------ Exercise data
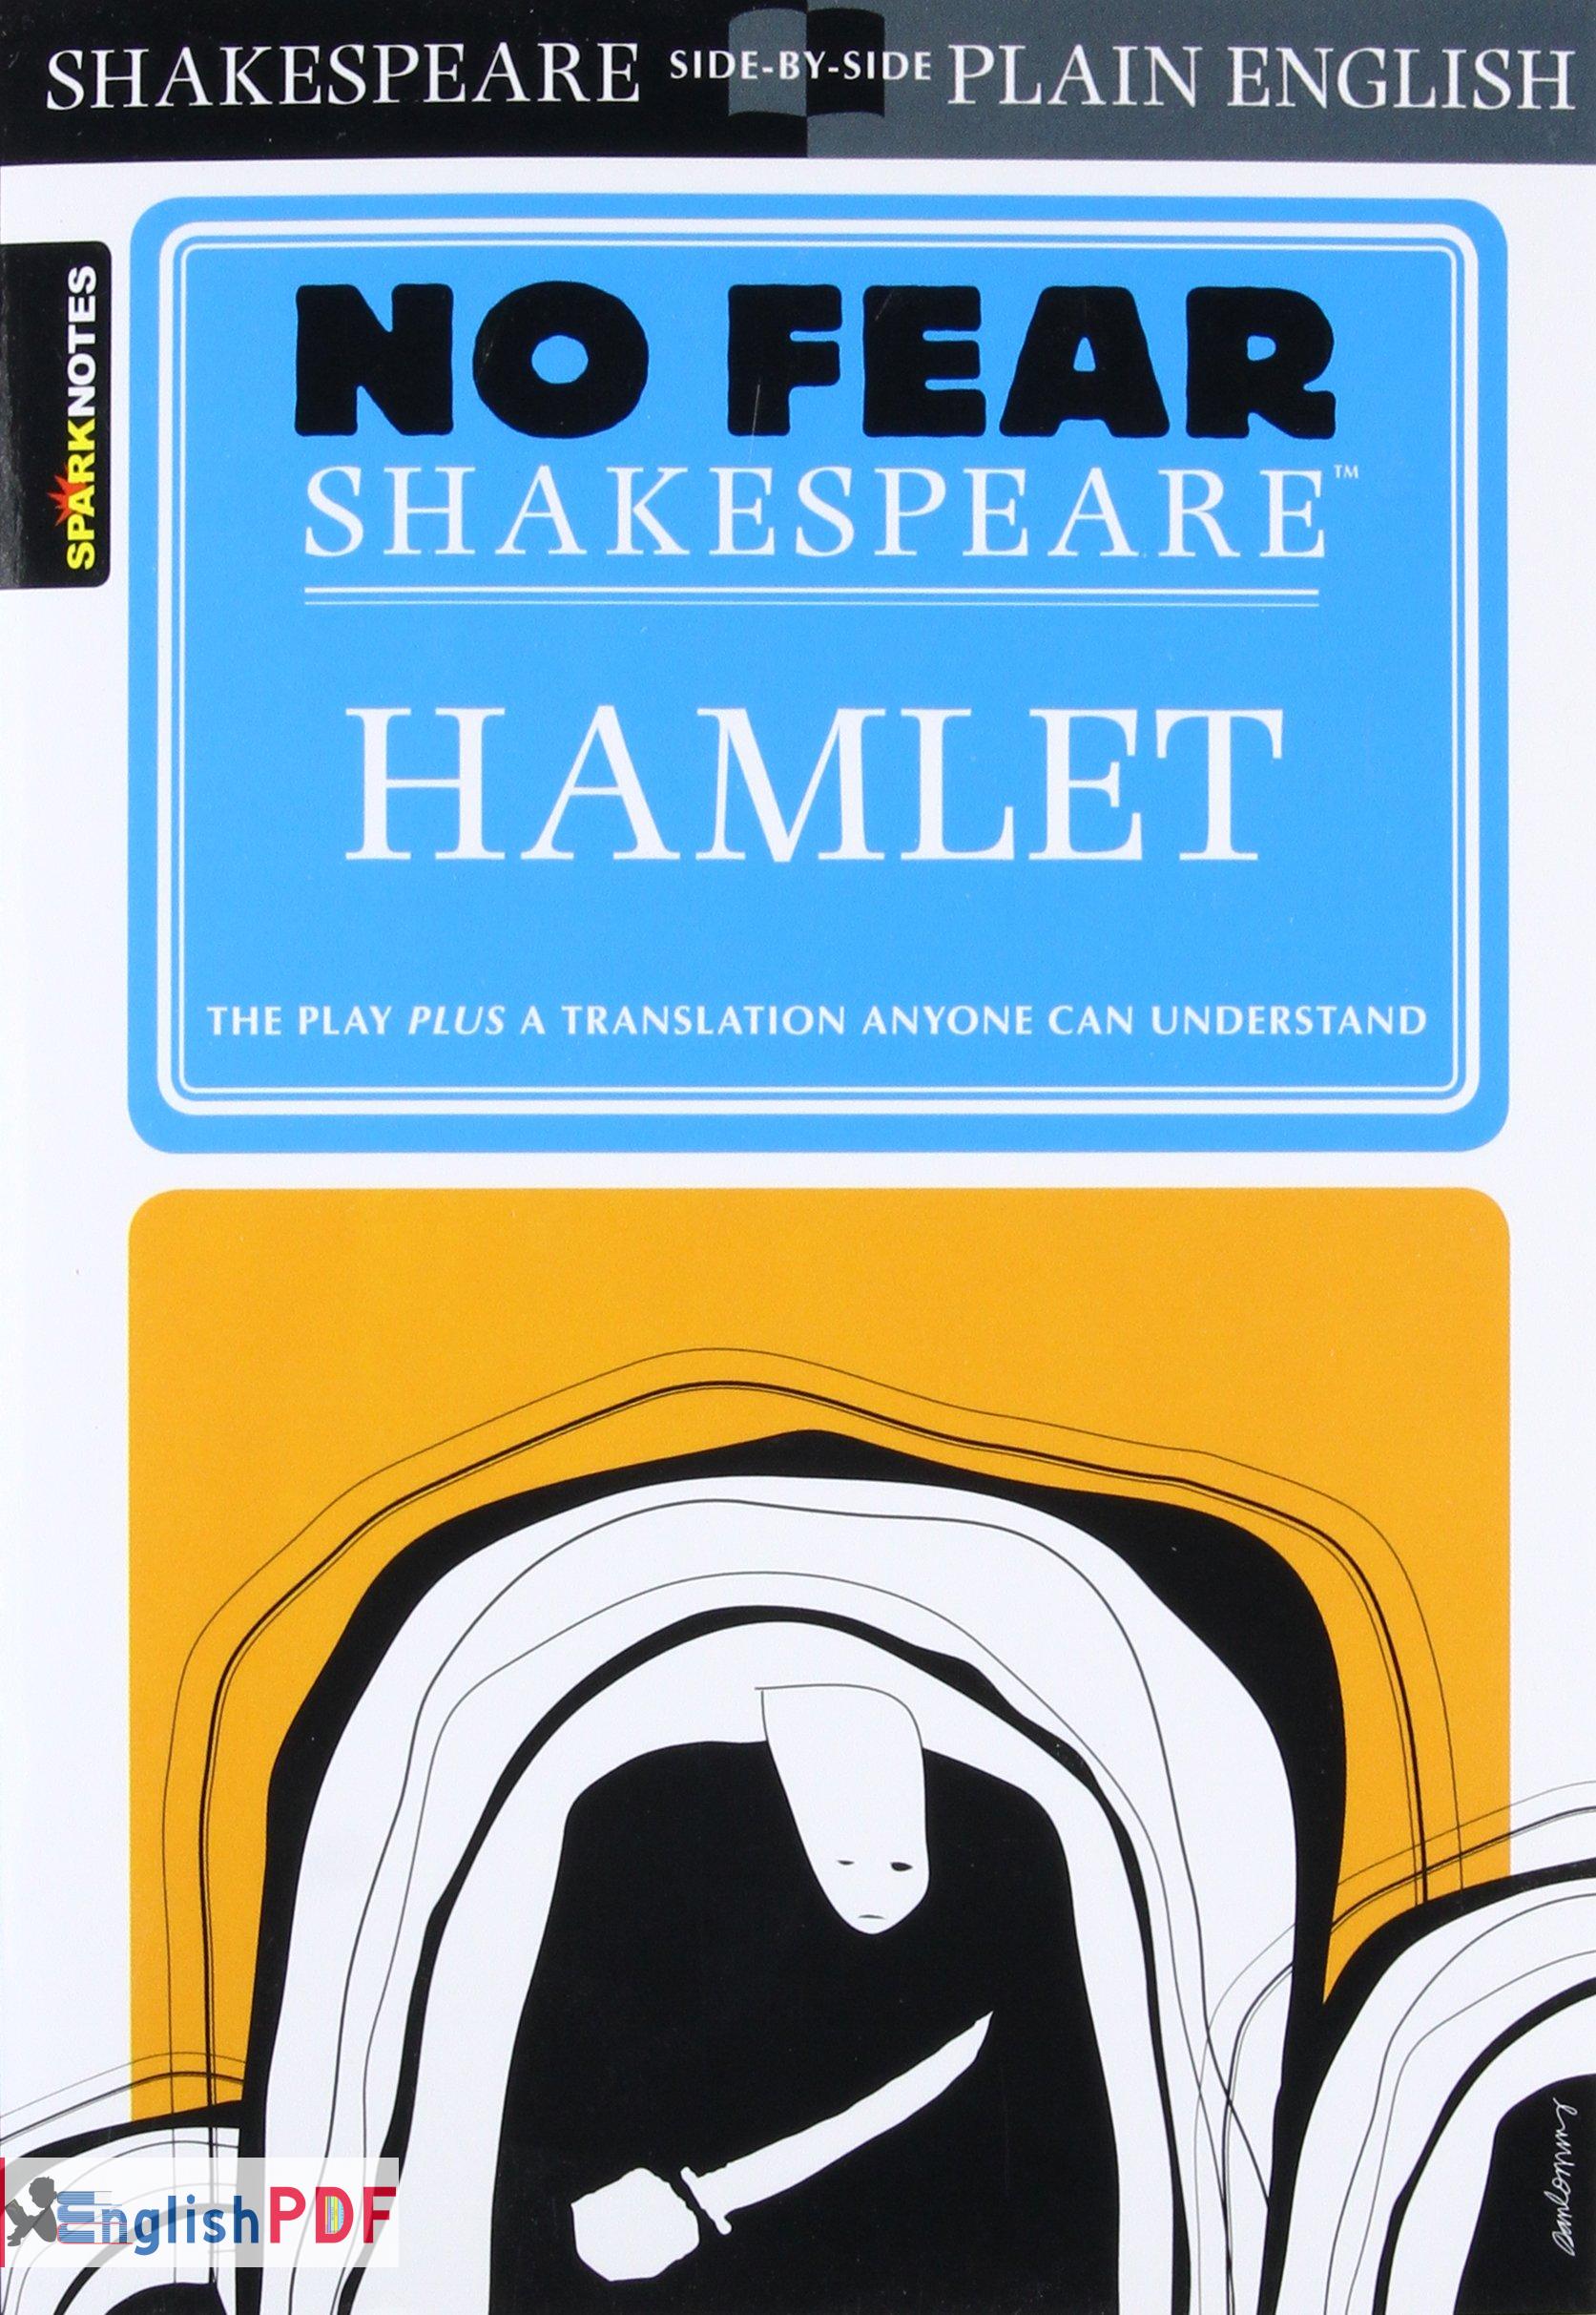 No fear Shakespeare hamlet PDF By EnglishPDF
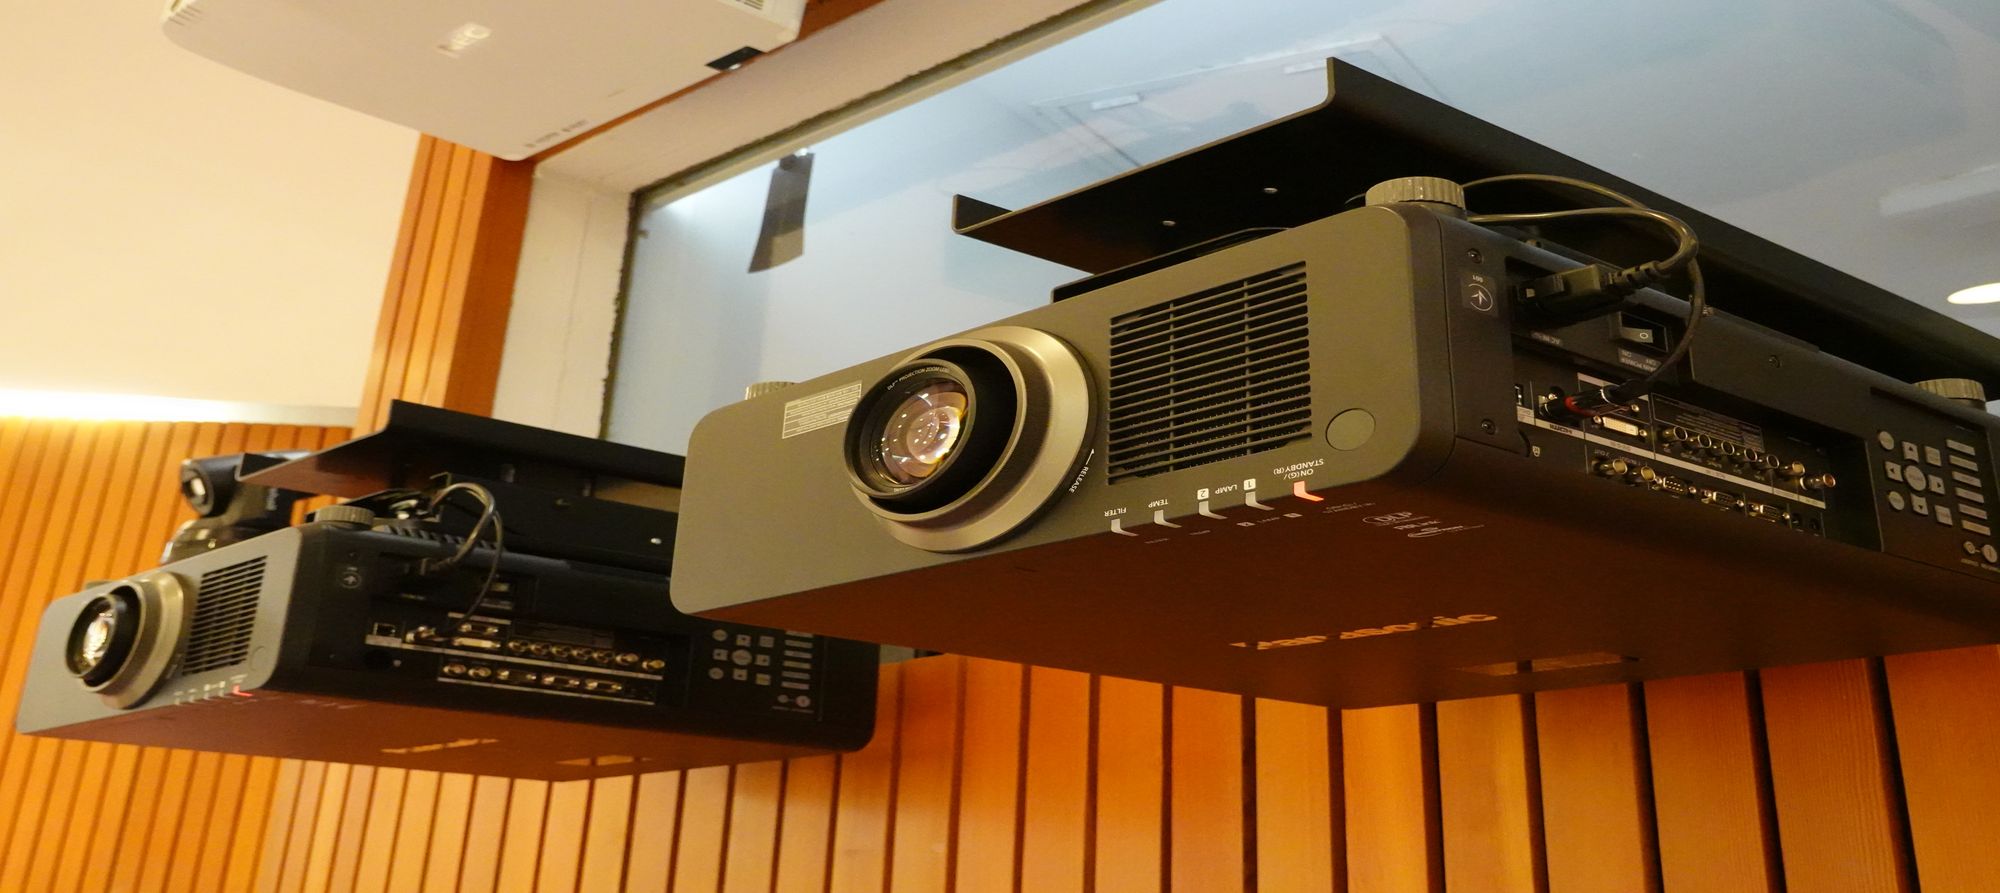 Zwei neue Projektoren ermöglichen eine Live-Video-Darstellung in 3D und mit 4K.
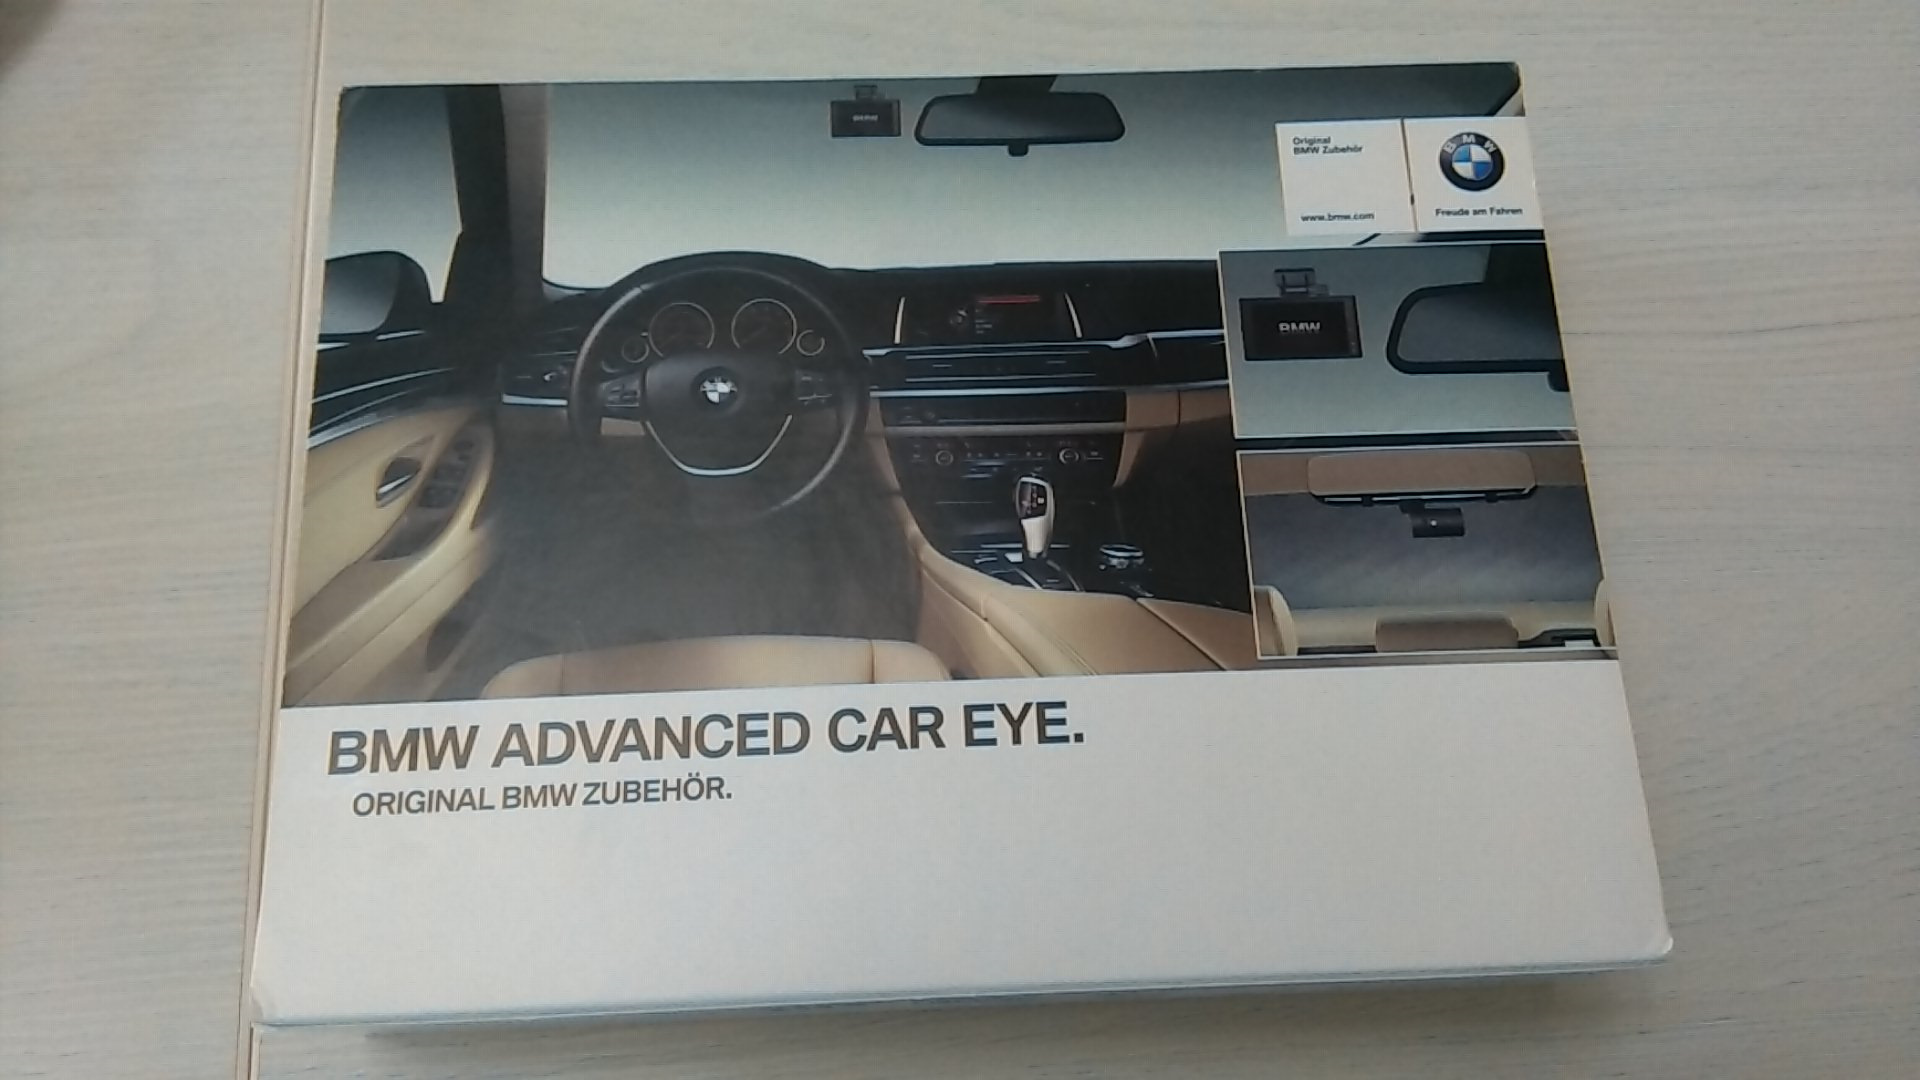 Регистратор bmw. Регистратор BMW Advanced car Eye 66212364600. Регистратор BMW 3.0. БМВ регистратор оригинал g 30. Регистратор BMW Advanced car Eye.
------------
What is being asked. The whole listing should be retyped word for word; none of its pictures belong in the copy.

Finished task.
 No fear Shakespeare hamlet PDF By EnglishPDF
 Zwei neue Projektoren ermöglichen eine Live-Video-Darstellung in 3D und mit 4K.
 Регистратор bmw. Регистратор BMW Advanced car Eye 66212364600. Регистратор BMW 3.0. БМВ регистратор оригинал g 30. Регистратор BMW Advanced car Eye.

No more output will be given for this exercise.